The results are good news for vaccine efficacy and also help explain why there were so few examples of people being reinfected by the virus, said associate professor Menno van Zelm, from the Department of Immunology and Pathology at Monash University.

This has been a black cloud hovering over the potential protection that could be provided by any COVID-19 vaccine and gives real hope that, once a vaccine or vaccines are developed, they will provide long-term protection.

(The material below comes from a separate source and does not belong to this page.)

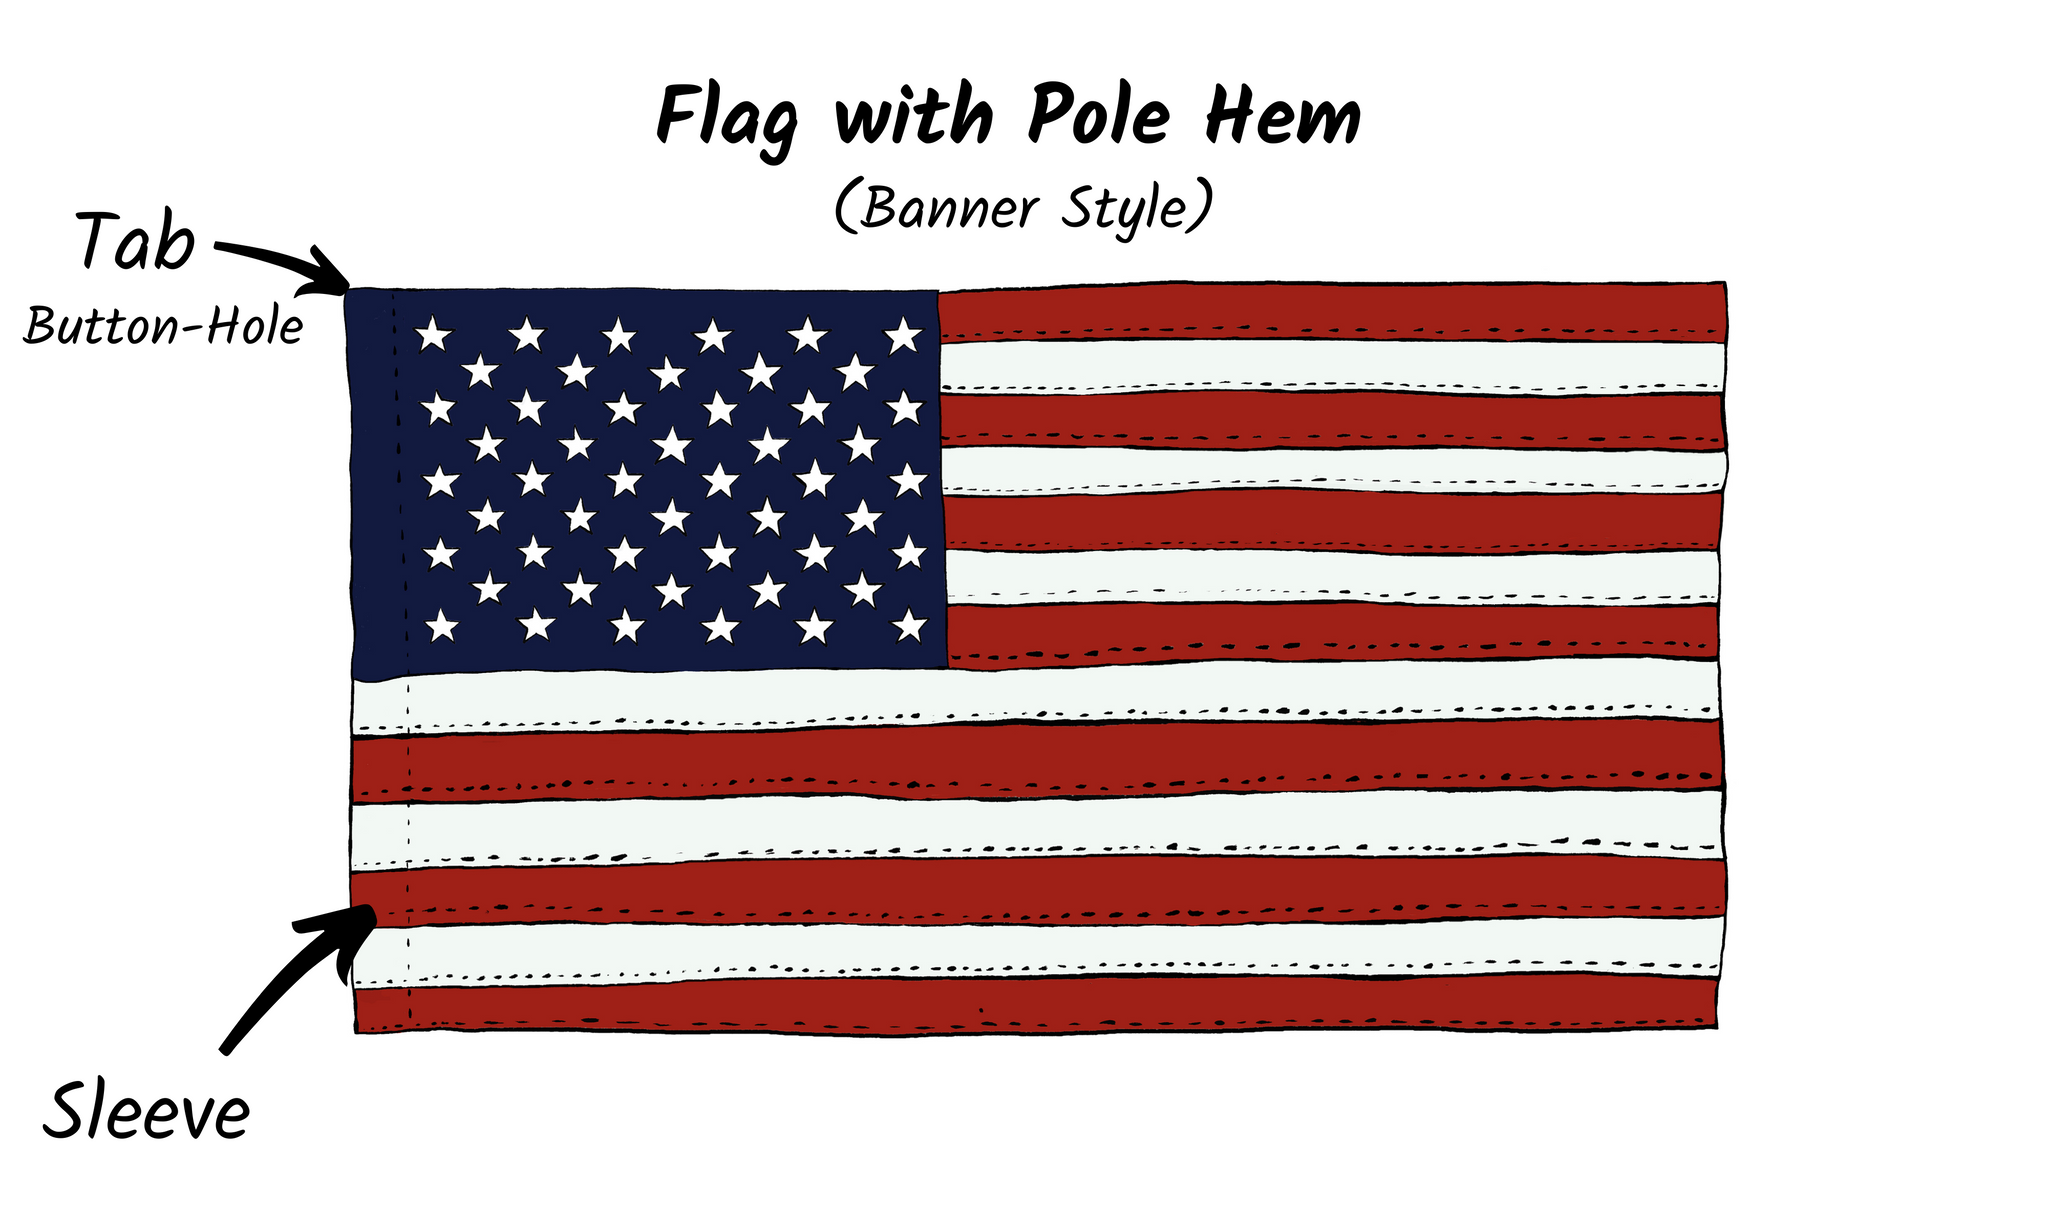 Pole Hem flag illustration with parts

Although there is a wide range of vaccines against coronavirus that have been shown to be effective in building immunity against the virus, it is not yet clear how long the protection lasts. However, vaccines will also have to keep pace with mutations in the virus. BioNTech CEO Ugur Sahin said earlier this week that the German company would soon have a coup to fight a new strain of Covid-19 that appeared in the UK, but expressed confidence that the current vaccine developed with the American company Pfizer will still be effective for the time being. The homemade Russian Sputnik V vaccine is also effective against the new strain of coronavirus, according to Kirill Dmitriev, CEO of the Russian Direct Investment Fund (RDIF), which financed the development of the jab.